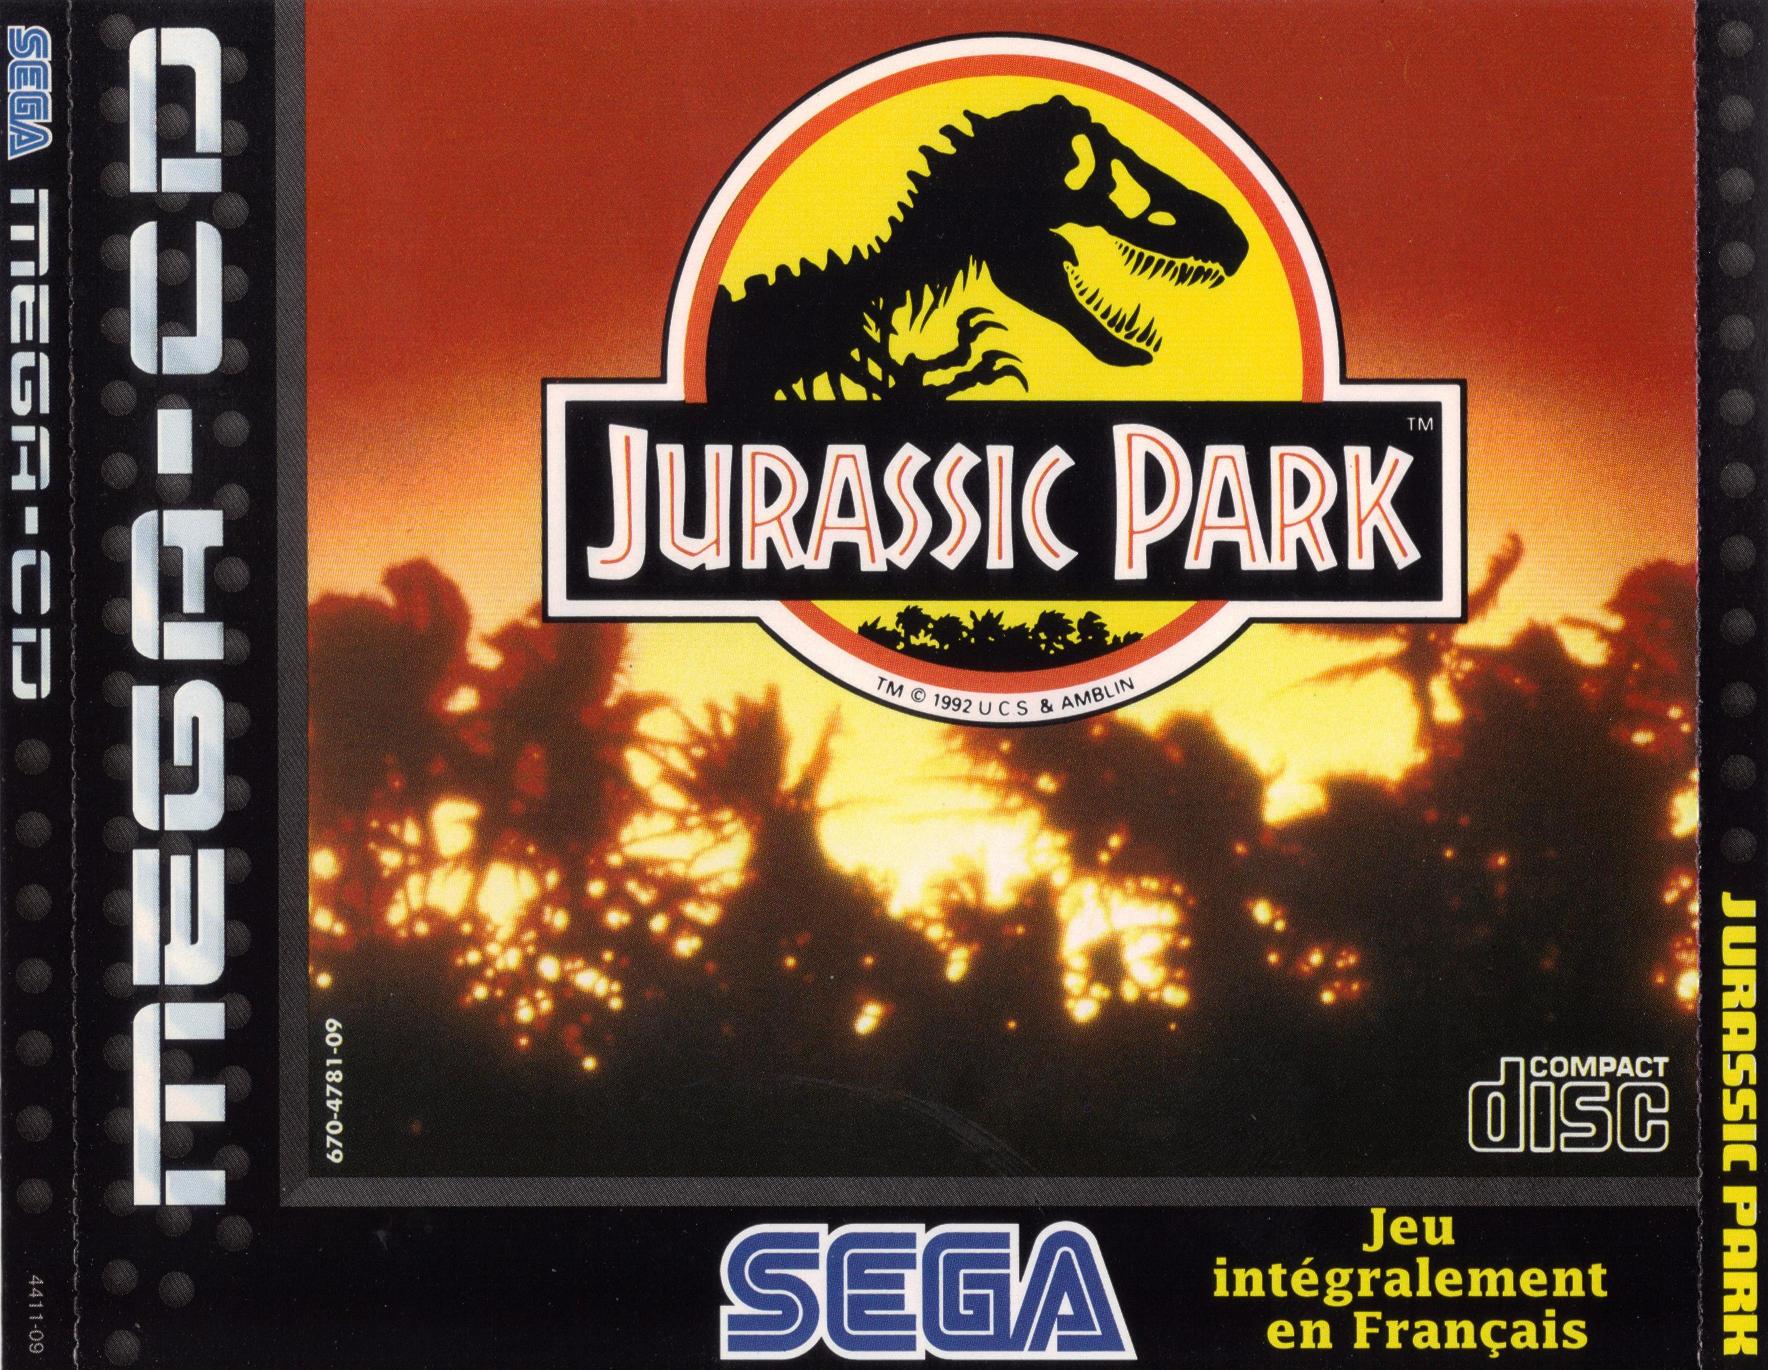 Игра сега парк юрского. Юрасик парк сега. Обложка игры Jurassic Park Sega. Jurassic Park 2 Sega обложка. Jurassic Park 2 Rampage Edition Sega.
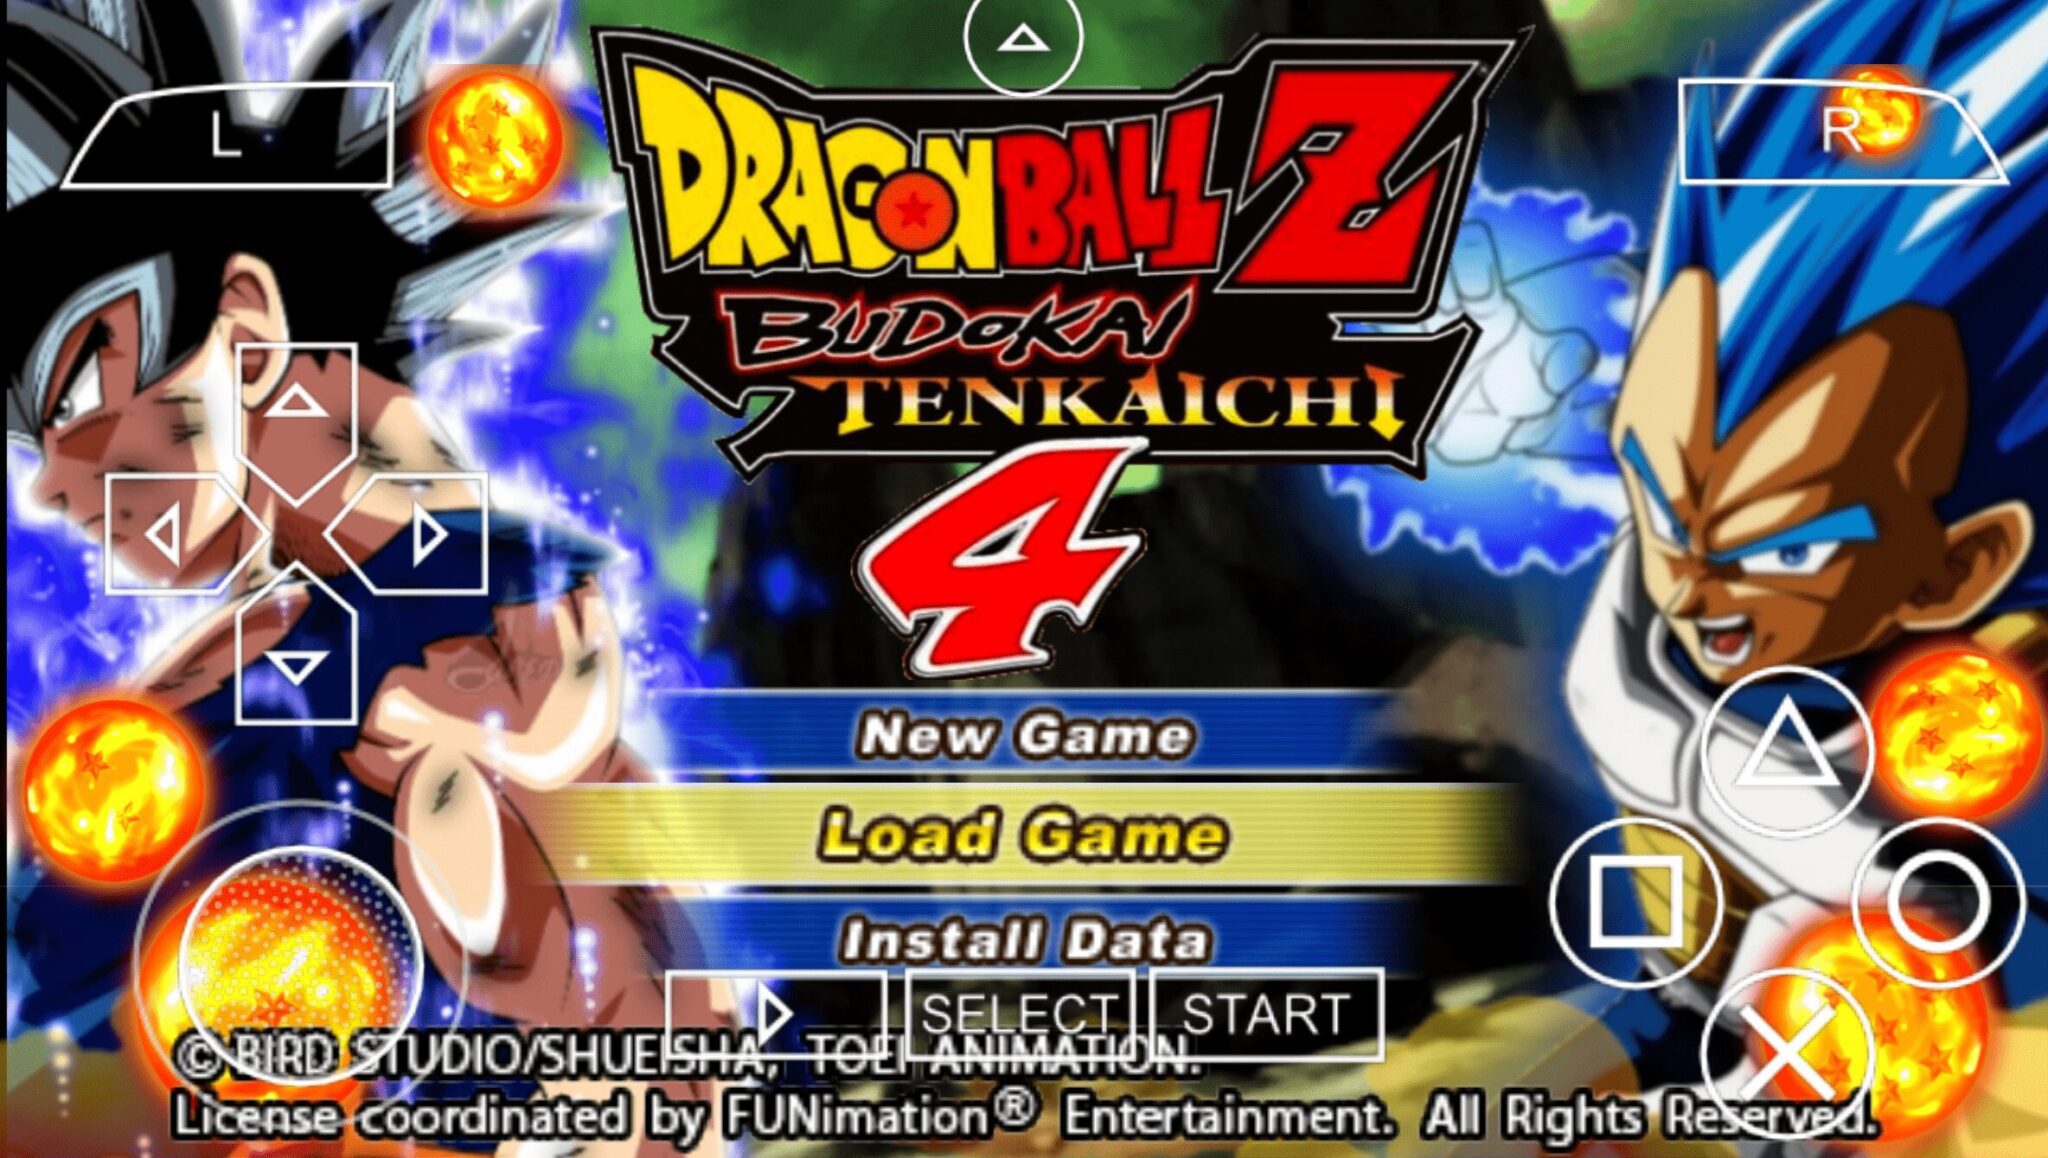 Dragon Ball Z Budokai Tenkaichi 4 Psp Android Evolution Of Games
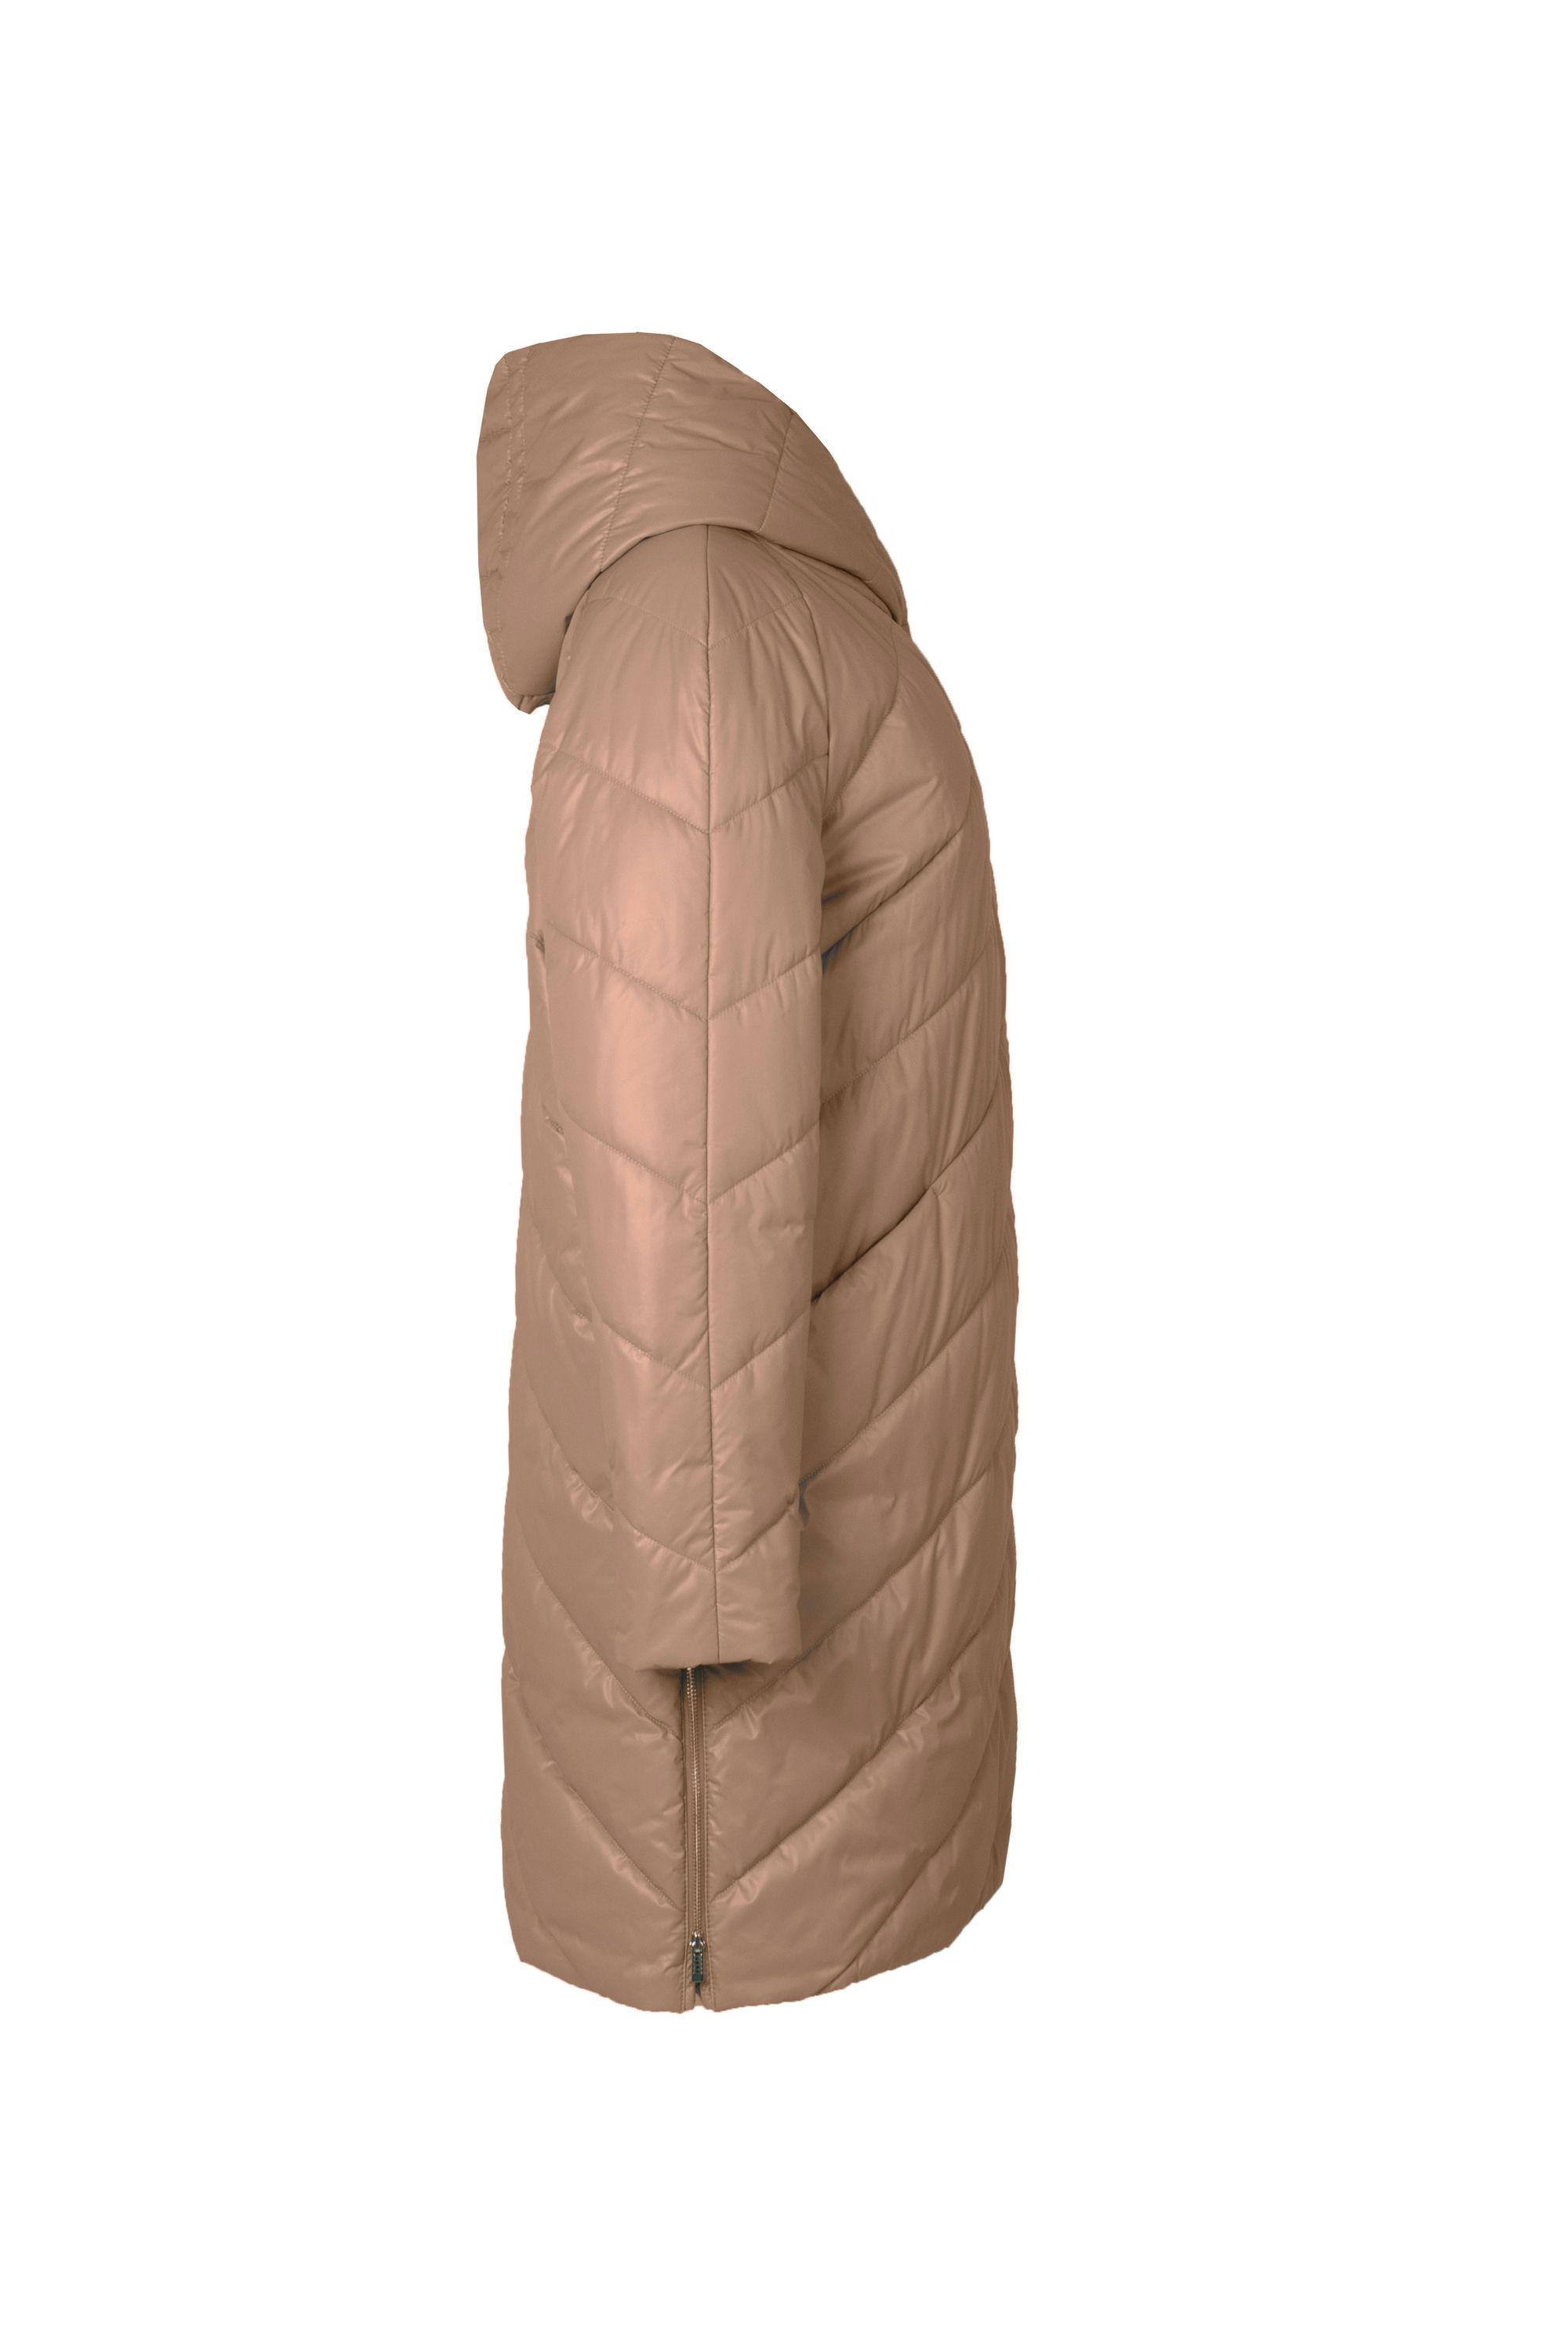 Пальто женское плащевое утепленное 5-12649-1. Фото 2.

·····

_WORK TO COMPLETE_
Write out verbatim the lines from the one containing "Dragon Ball Z" through the last line of the listing above, and no other lines; omit pictures.

_OUTPUT_
 Dragon Ball Z Budokai Tenkaichi 4 Psp Android Evolution Of Games
 Пальто женское плащевое утепленное 5-12649-1. Фото 2.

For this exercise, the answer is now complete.